-- Task details --
Where a picture appears, skip it and copy everything else in the listing exactly.

*** Information supplied Section Begins ***

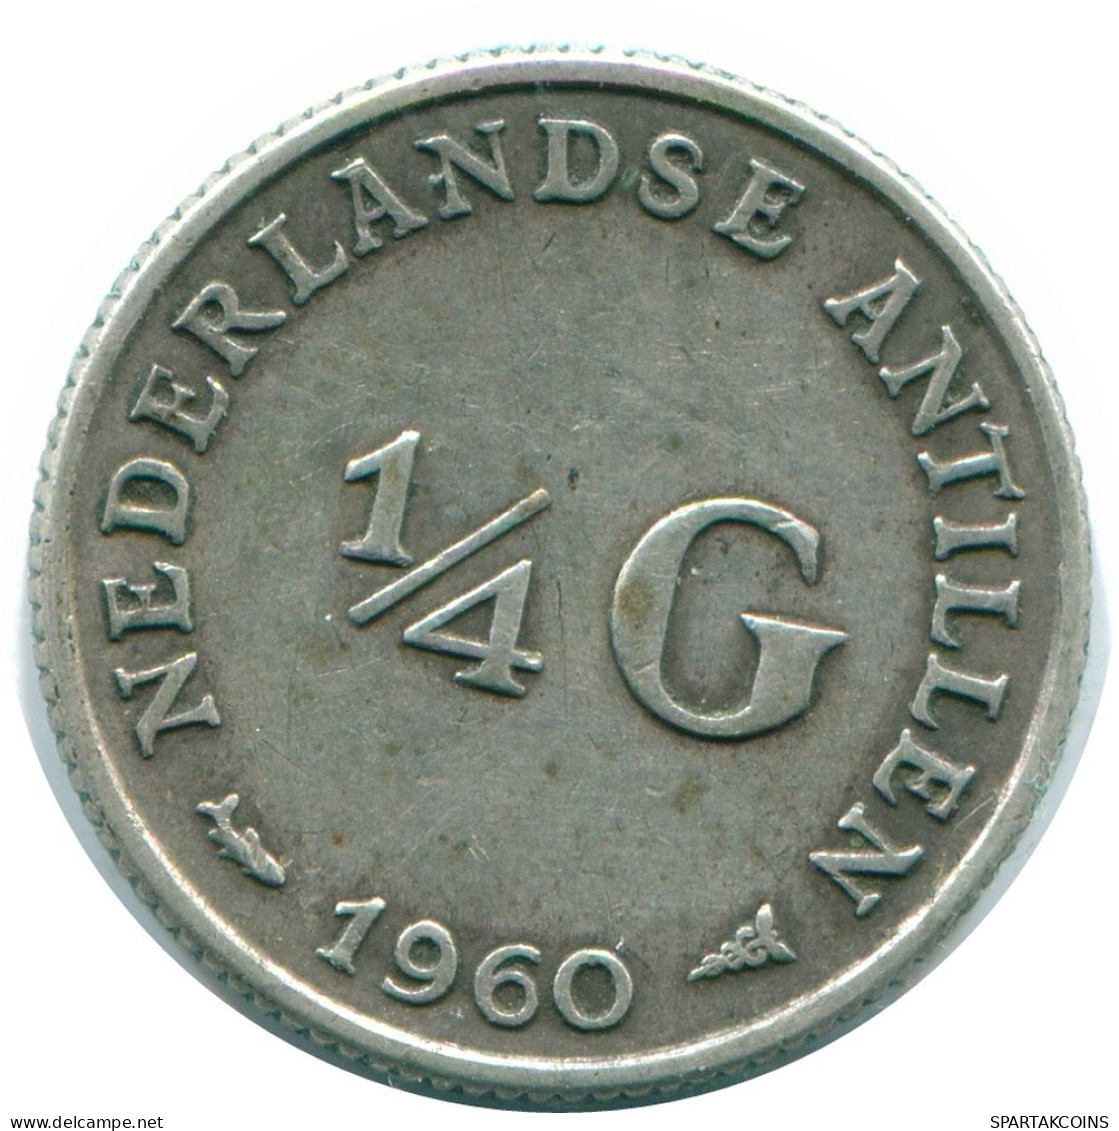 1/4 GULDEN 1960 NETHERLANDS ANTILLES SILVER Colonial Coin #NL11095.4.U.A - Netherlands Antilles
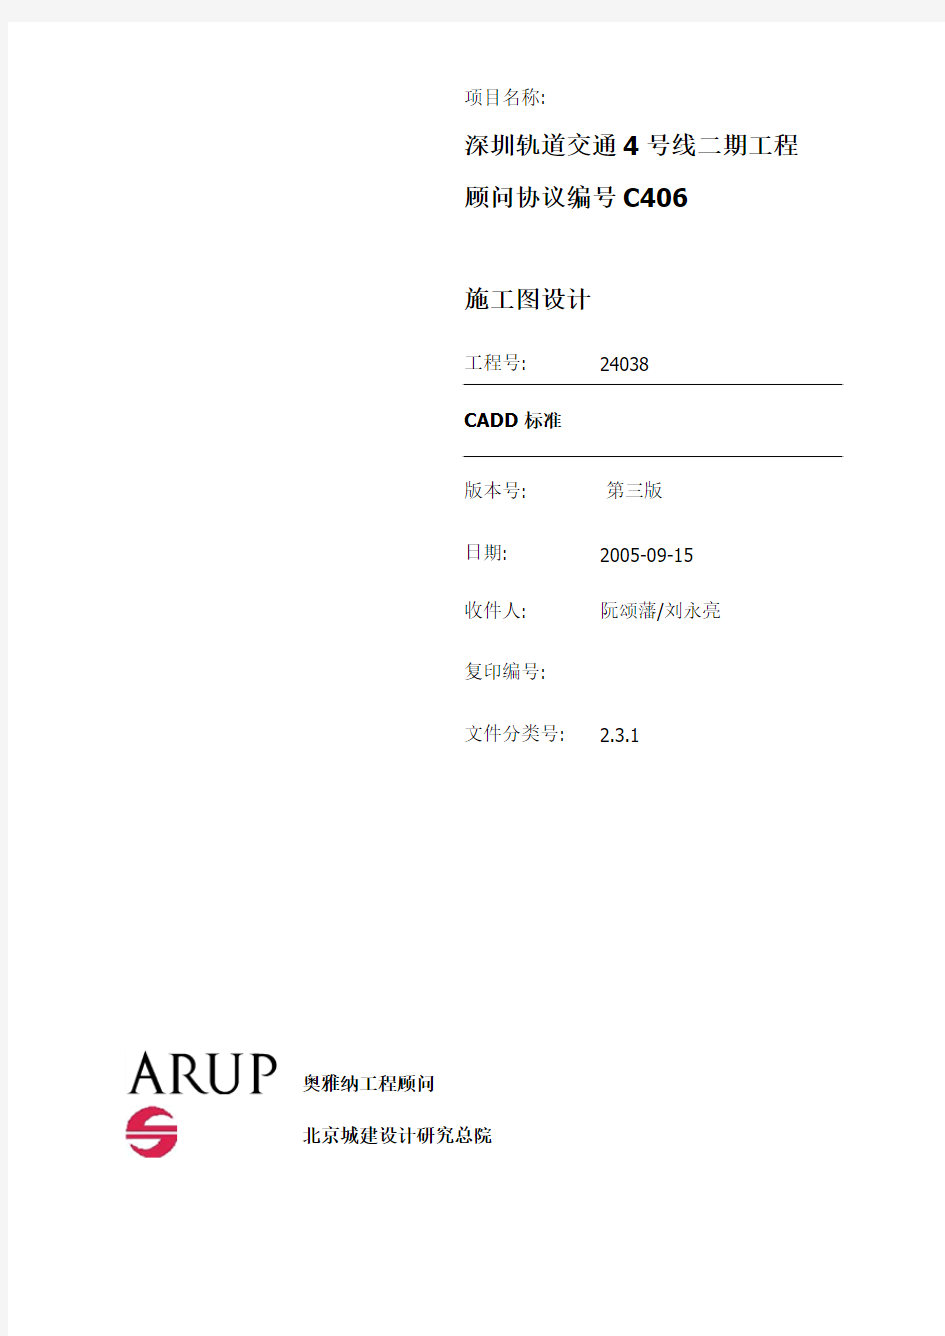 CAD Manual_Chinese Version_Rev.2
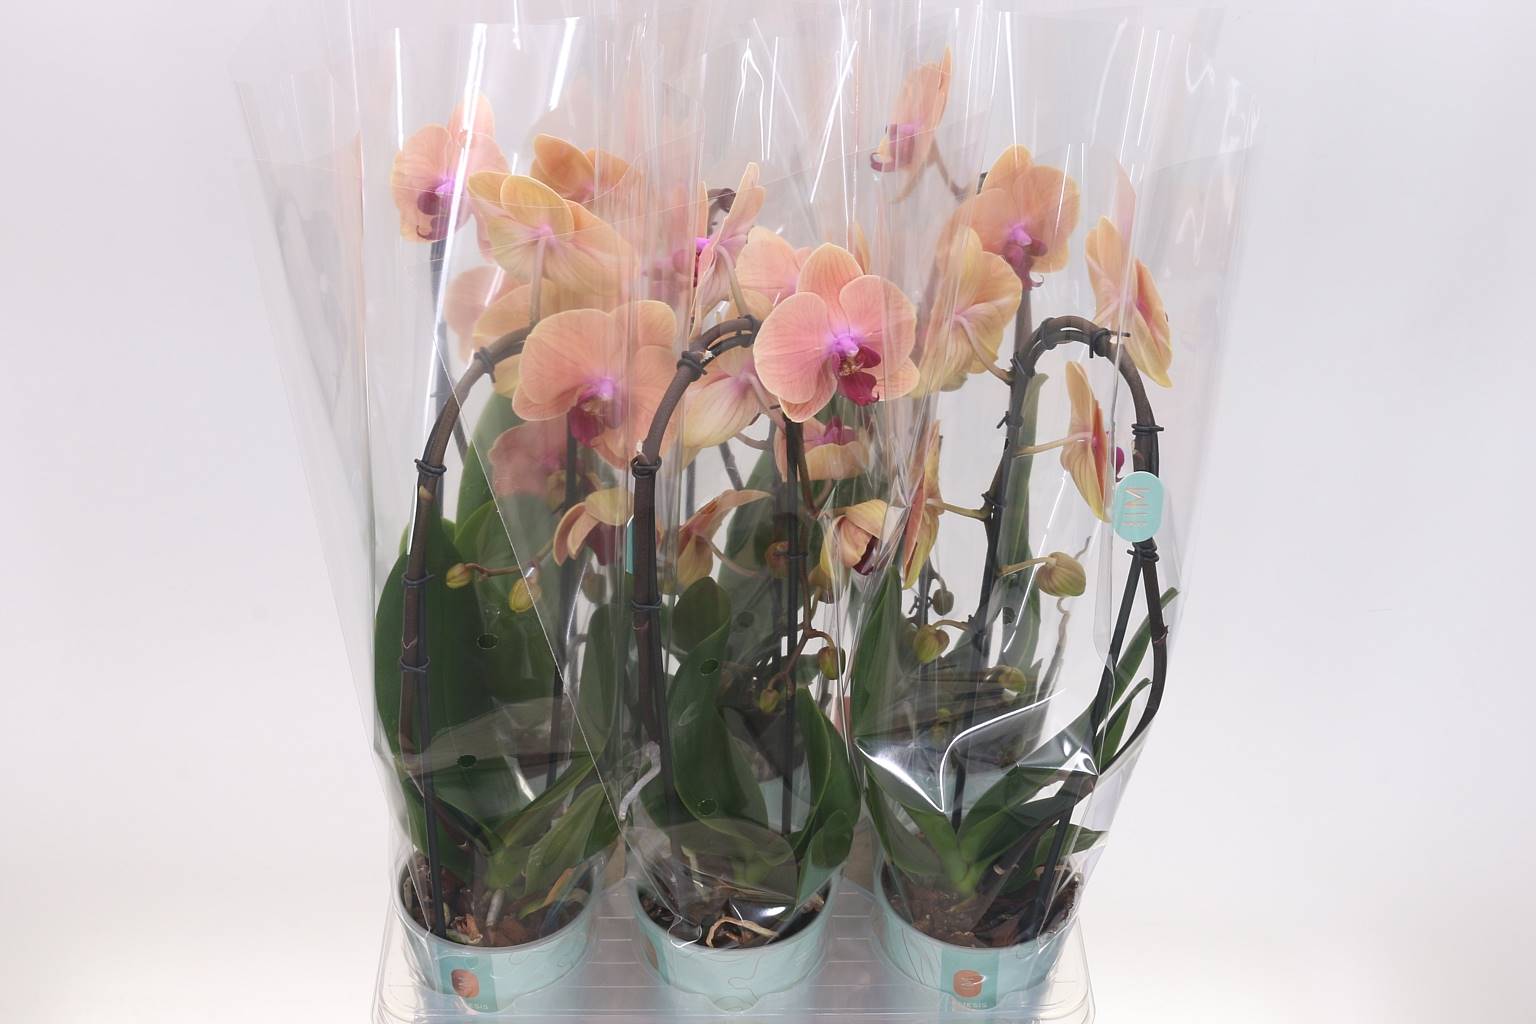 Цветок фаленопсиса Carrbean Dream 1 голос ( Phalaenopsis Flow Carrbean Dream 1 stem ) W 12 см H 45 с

*** Information supplied Section Ends ***

-- Exercise response --
 1/4 GULDEN 1960 NETHERLANDS ANTILLES SILVER Colonial Coin #NL11095.4.U.A - Netherlands Antilles
 CAD Manual_Chinese Version_Rev.2
 Цветок фаленопсиса Carrbean Dream 1 голос ( Phalaenopsis Flow Carrbean Dream 1 stem ) W 12 см H 45 с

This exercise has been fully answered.